• **About this exercise**: Which lines of the entries below hold the word "Printable"? Report each of them.
BEGIN Extracted material
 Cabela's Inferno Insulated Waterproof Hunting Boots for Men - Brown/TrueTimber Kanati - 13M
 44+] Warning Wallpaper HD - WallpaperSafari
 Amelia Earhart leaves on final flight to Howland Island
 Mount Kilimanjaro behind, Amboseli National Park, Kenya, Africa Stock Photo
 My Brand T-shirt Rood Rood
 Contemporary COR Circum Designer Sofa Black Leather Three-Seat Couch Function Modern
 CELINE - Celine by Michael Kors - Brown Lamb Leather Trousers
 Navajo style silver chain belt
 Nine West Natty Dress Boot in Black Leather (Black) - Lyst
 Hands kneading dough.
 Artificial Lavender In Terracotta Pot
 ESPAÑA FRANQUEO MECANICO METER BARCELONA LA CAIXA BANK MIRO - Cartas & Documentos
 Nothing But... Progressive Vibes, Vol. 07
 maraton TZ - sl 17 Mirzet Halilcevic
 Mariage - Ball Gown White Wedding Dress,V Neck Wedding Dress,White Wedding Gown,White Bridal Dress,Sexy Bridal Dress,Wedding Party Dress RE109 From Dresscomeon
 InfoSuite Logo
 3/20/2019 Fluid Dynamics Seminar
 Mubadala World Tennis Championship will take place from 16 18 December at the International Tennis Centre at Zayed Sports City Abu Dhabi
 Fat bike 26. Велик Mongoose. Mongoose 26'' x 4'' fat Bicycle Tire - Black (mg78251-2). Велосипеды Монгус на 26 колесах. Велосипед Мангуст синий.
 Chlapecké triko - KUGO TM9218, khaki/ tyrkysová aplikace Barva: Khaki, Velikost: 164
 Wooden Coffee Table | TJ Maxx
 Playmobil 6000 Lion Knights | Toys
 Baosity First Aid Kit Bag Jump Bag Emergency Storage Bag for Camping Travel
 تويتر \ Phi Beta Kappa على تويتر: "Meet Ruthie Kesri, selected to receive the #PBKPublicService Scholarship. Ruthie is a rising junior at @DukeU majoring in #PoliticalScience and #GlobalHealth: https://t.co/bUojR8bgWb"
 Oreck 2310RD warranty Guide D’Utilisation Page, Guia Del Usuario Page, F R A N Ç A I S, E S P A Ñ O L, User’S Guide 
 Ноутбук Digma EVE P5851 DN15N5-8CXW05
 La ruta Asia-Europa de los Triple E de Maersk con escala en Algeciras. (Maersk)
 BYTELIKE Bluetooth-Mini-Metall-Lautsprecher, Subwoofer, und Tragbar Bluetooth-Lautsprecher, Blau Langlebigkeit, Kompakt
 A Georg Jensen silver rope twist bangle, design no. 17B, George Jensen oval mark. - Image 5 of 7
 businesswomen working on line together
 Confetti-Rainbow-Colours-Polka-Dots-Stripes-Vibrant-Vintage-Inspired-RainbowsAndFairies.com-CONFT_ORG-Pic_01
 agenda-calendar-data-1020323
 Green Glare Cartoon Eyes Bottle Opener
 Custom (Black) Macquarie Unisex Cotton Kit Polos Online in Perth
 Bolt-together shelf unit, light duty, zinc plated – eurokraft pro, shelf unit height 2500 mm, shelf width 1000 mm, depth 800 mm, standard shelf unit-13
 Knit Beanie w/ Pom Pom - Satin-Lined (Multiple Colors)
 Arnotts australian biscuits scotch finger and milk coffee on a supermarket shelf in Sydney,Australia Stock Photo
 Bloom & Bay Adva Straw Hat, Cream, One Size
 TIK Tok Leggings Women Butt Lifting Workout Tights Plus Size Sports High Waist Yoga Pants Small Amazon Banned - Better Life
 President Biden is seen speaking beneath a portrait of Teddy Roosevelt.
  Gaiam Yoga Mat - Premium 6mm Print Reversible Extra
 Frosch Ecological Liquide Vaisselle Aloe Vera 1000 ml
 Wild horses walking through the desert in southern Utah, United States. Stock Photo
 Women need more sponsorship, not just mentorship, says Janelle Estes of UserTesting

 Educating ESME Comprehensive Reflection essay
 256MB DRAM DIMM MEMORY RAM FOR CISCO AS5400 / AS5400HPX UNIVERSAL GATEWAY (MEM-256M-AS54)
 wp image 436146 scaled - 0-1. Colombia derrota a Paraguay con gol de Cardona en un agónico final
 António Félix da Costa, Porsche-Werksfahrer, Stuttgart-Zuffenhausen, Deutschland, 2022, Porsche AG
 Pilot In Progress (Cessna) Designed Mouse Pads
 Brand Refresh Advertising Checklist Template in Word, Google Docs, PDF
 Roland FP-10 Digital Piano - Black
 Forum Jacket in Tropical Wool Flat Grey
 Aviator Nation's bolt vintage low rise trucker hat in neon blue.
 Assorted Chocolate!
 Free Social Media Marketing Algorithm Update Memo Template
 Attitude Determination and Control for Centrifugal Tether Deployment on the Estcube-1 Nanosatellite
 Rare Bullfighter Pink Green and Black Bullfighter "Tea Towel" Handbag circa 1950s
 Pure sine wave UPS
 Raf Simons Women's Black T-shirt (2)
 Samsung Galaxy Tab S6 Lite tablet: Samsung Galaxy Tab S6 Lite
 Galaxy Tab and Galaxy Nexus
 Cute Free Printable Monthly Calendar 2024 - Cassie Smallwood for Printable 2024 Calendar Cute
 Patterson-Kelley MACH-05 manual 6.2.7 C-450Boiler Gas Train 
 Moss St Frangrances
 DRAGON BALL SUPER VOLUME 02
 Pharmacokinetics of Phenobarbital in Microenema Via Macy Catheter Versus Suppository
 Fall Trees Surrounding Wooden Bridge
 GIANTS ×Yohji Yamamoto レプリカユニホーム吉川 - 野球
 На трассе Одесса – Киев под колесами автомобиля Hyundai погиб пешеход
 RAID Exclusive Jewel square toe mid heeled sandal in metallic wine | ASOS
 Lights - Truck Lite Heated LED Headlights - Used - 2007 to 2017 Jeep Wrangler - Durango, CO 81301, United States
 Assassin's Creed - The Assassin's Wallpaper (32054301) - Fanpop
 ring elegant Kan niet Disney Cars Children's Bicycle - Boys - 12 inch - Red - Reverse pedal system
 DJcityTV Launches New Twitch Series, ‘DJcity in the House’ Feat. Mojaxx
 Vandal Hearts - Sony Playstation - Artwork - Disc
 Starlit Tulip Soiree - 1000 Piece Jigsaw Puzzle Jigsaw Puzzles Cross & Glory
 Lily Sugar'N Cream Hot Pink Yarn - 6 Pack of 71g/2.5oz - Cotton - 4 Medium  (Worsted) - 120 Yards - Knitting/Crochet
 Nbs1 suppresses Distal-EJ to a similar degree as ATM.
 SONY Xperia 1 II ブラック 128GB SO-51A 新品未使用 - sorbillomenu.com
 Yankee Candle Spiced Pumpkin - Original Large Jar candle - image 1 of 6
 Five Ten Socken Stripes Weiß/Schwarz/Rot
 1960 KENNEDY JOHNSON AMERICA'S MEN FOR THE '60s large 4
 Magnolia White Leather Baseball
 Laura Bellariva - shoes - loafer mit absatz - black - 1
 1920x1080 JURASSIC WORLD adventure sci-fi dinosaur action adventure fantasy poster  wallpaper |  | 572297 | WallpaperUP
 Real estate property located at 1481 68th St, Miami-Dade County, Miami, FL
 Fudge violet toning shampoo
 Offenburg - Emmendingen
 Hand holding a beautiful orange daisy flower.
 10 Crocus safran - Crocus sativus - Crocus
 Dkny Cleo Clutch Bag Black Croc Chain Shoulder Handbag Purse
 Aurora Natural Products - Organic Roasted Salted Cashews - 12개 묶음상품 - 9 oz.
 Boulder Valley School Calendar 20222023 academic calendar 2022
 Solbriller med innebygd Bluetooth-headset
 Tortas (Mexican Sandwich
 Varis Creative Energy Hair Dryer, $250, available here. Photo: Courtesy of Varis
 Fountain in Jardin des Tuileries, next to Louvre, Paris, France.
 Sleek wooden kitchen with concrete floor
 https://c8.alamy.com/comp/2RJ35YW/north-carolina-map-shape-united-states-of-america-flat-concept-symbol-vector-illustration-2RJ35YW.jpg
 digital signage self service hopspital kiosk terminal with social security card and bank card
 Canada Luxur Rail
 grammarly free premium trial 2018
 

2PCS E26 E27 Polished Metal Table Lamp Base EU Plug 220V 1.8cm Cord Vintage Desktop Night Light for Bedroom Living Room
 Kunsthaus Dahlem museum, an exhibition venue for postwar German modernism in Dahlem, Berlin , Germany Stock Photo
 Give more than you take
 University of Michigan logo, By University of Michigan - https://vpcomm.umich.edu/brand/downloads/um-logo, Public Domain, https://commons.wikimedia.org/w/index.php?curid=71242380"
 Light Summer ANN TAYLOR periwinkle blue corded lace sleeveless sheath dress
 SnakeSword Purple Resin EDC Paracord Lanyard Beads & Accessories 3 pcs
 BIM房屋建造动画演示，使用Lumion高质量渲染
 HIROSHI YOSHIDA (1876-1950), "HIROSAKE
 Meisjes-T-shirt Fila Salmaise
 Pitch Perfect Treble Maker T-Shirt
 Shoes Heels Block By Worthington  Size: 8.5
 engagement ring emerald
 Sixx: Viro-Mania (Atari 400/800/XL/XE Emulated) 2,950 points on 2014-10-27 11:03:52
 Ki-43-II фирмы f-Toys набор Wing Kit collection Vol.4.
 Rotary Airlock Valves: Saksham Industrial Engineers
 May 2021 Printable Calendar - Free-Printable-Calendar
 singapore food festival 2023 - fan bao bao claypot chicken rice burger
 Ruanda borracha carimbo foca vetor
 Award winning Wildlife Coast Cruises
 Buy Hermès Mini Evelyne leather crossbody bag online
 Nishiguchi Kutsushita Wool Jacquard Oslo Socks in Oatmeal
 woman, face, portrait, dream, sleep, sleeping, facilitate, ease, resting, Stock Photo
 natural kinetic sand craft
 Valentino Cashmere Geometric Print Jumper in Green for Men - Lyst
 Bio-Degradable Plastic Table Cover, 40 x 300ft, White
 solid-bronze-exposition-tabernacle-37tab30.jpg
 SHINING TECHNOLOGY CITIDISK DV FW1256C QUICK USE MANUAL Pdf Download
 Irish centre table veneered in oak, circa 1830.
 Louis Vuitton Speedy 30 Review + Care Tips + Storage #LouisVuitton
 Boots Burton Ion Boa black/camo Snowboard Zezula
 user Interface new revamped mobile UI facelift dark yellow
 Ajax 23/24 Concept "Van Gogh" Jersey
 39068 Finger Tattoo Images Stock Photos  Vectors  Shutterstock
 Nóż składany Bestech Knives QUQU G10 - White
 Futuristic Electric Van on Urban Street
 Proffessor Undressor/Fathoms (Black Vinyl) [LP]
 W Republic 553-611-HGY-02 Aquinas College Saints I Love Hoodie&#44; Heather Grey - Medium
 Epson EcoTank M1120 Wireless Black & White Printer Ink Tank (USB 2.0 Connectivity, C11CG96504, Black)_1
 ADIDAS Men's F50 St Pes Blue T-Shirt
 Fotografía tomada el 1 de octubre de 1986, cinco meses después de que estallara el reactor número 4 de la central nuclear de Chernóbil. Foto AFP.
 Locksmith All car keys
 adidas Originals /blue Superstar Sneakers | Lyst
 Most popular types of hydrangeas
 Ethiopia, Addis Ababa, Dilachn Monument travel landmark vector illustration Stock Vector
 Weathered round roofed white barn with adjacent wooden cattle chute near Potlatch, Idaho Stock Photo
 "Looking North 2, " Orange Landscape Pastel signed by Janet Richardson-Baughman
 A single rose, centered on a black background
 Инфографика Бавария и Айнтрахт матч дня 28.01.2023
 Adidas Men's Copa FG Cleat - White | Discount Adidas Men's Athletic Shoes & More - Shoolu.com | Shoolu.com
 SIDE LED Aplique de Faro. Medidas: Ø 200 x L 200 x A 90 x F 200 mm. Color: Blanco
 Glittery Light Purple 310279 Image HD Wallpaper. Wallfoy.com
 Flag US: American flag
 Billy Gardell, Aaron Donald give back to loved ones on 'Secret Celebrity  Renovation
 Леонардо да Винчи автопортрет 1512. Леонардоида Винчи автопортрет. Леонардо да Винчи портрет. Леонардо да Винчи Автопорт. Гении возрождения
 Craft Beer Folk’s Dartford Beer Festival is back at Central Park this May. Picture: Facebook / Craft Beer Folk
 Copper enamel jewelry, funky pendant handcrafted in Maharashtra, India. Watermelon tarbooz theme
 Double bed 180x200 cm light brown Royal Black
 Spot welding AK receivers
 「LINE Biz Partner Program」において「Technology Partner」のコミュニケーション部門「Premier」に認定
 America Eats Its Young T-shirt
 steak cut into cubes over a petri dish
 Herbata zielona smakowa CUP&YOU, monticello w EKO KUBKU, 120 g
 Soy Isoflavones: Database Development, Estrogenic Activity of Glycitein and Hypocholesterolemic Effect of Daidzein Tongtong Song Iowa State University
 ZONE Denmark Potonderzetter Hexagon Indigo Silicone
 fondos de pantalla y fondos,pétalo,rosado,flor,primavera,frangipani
END Extracted material
• **Finished exercise**:
 Cute Free Printable Monthly Calendar 2024 - Cassie Smallwood for Printable 2024 Calendar Cute
 May 2021 Printable Calendar - Free-Printable-Calendar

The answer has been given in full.